The success in steelmaking hangs on scale, corralling a limited number of inputs and incrementally improving the technology that has, at its core, not undergone much change in almost two centuries. The challenges that this brings about are best addressed under state ownership. Initially, the governments of Japan, Taiwan and Korea owned the steel plants. Policy-making also was in the state’s realm. These three nations ended up making exceptional steel and, at least in the case with Japan and Korea, eventually passed on the plants to private interests.

Malaysia tried the Taiwanese model of public ownership but fell woefully short in this important sector and the auto industry in this country, like all large-scale manufacturing in Malaysia, is nothing but a white elephant. In the meantime, in Korea, owing to private industry running steel as well as the important auto sector, theHyundai-Kia colossus became nothing short of a world-beater. This was all possible with export discipline.

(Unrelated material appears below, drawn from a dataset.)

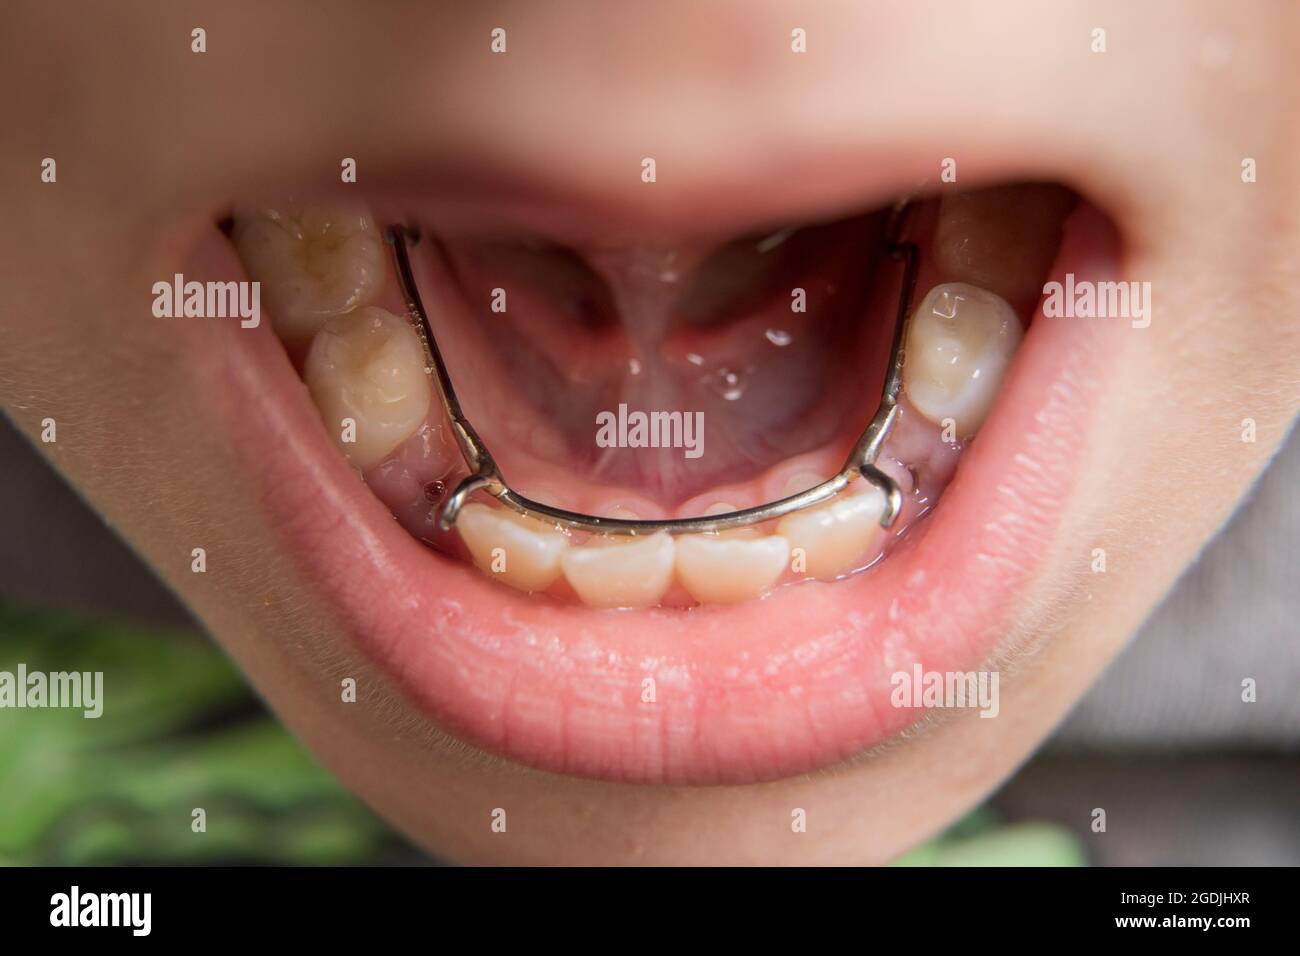 jeune garçon ayant un agent de maintenance de l'espace dentaire dans sa bouche Banque D'Images
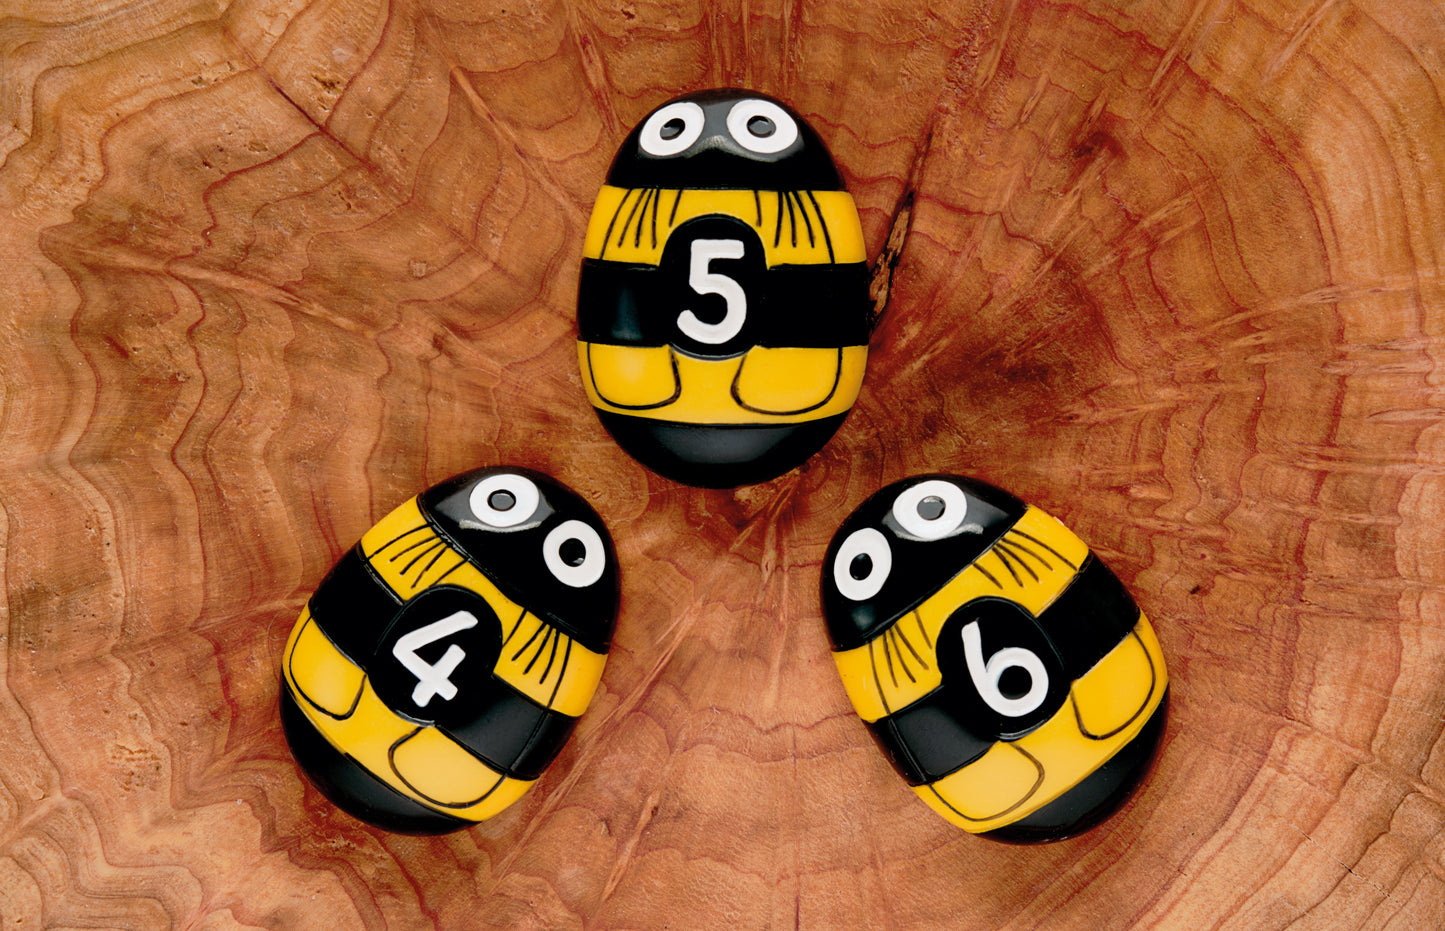 Honey Bee Number Stones (20 stenen)

The entrepreneur is compelled to compete in the international arena. The automotive sector is exceptionally brutal and cyclical. Korea’s government managed this sector very well by giving subsidies to a handful of hungry entrepreneurs who were measured by success in the export market. In a process that lasted almost 4 decades, the handful were slowly whittled down to Hyundai-Kia.

On the other hand, United States Steel, US Steel, attempted a hybrid model and did not place over-riding emphasis  on export and after a colourful history that involved JP Morgan, Andrew Carnegie and Charles Schwab, forays in Serbia and Canada, it is falling on hard times.